■ **Collected material**:
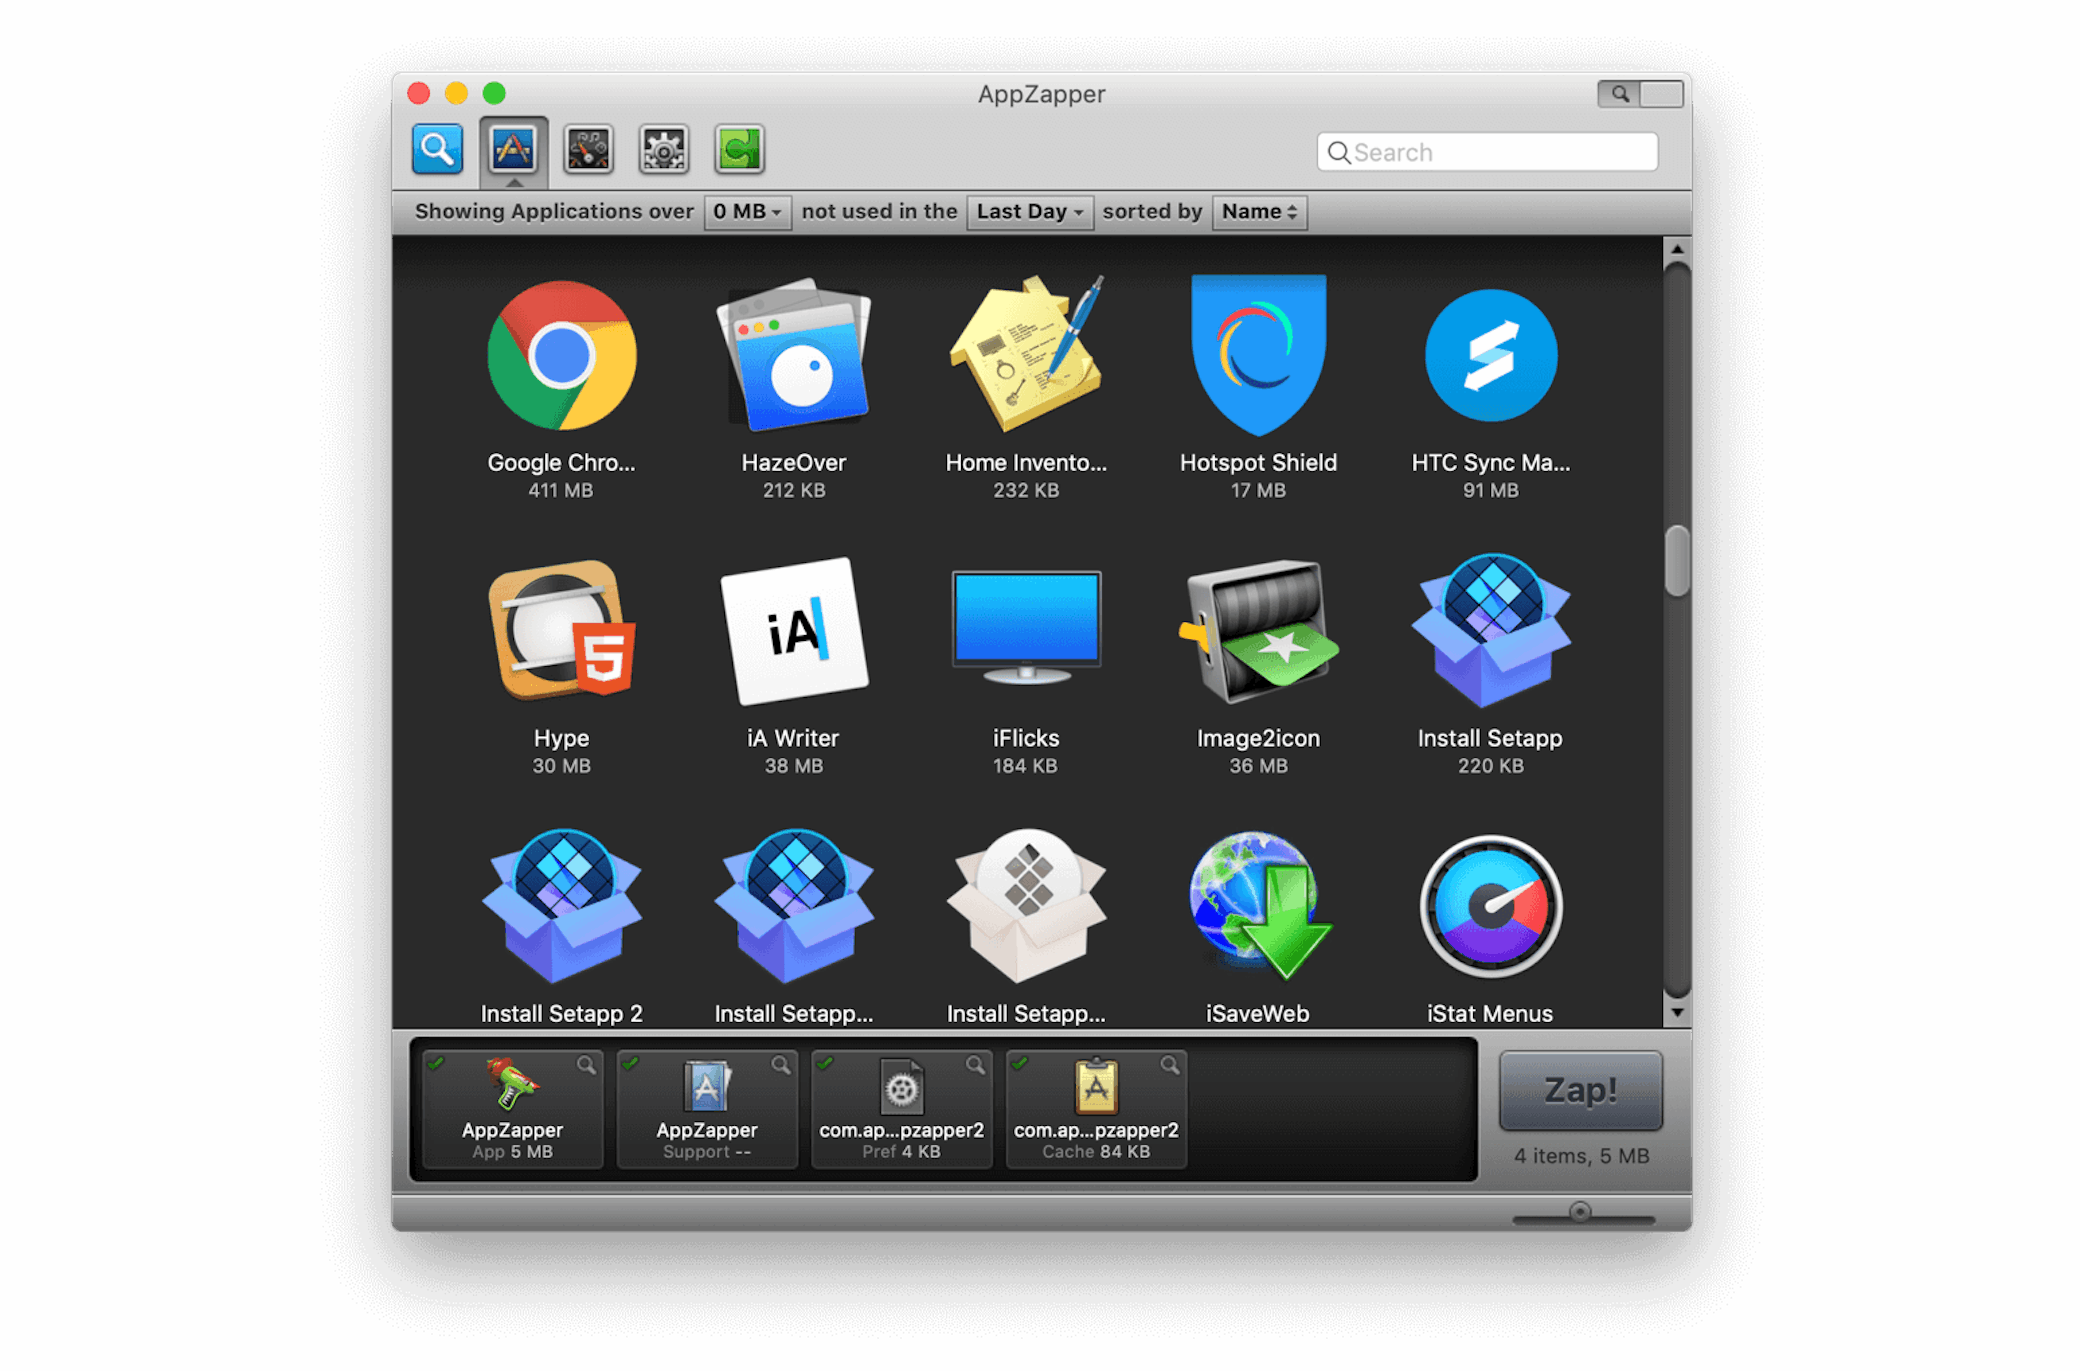 Appzapper Mac App Store
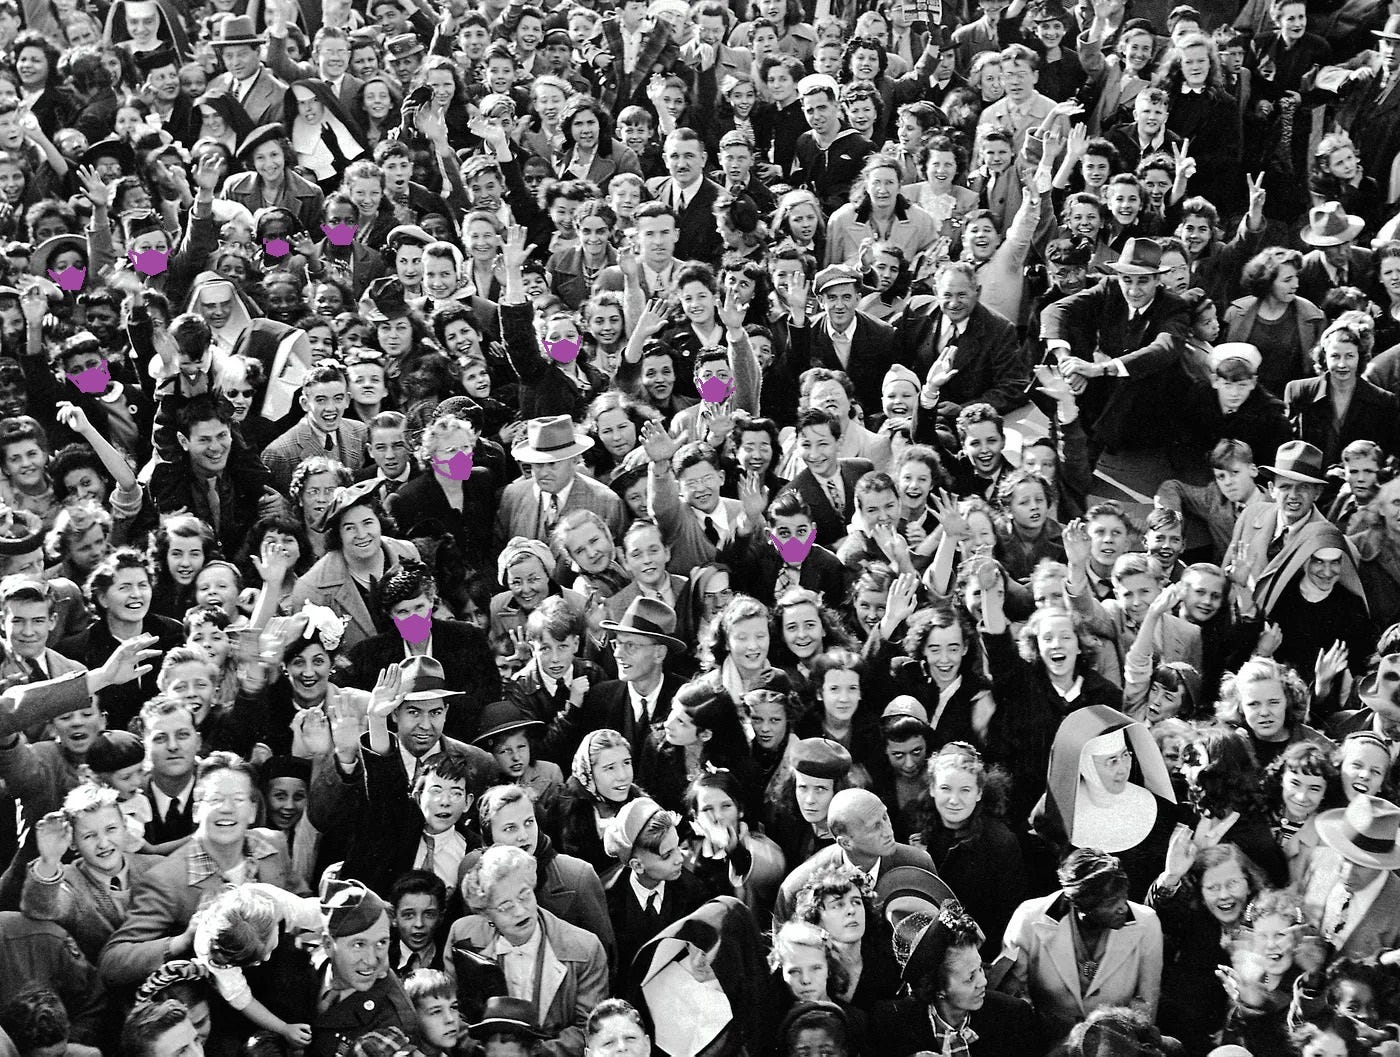 Photo en noir et blanc d’une foule de gens qui saluent la caméra en souriant, parmi elles et eux de rares personnes portent un masque qui ressort de l’image en étant coloré en violet.
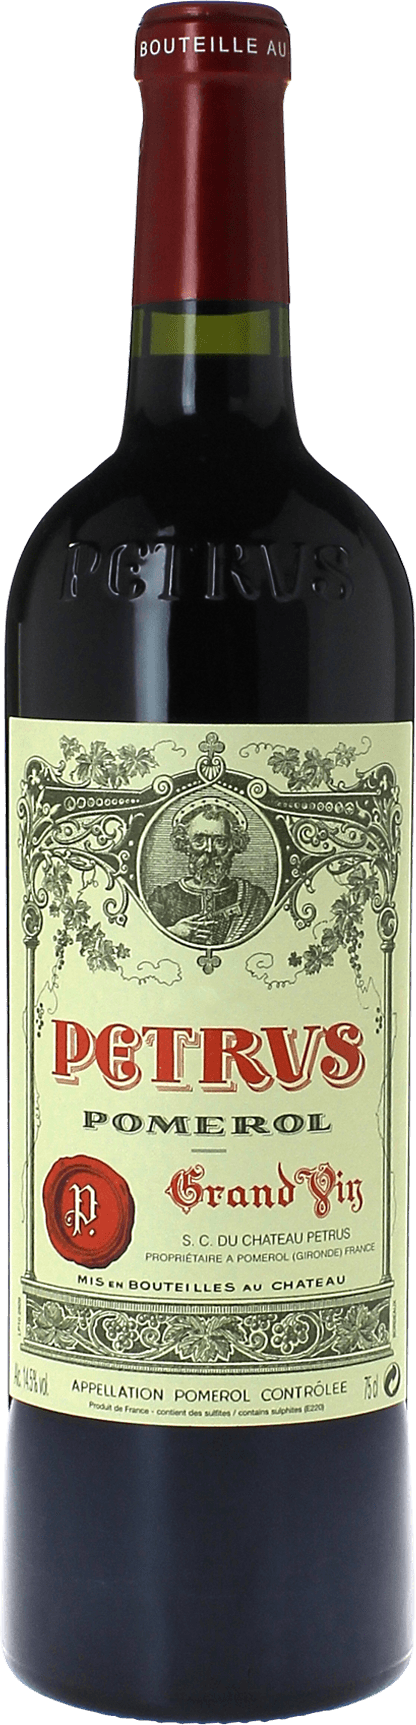 Petrus 2001  Pomerol, Bordeaux rouge

■ **Problem details**: Once the pictures are set aside, restate the remaining data above exactly.

■ **Written response**:
 Appzapper Mac App Store
 Photo en noir et blanc d’une foule de gens qui saluent la caméra en souriant, parmi elles et eux de rares personnes portent un masque qui ressort de l’image en étant coloré en violet.
 Petrus 2001  Pomerol, Bordeaux rouge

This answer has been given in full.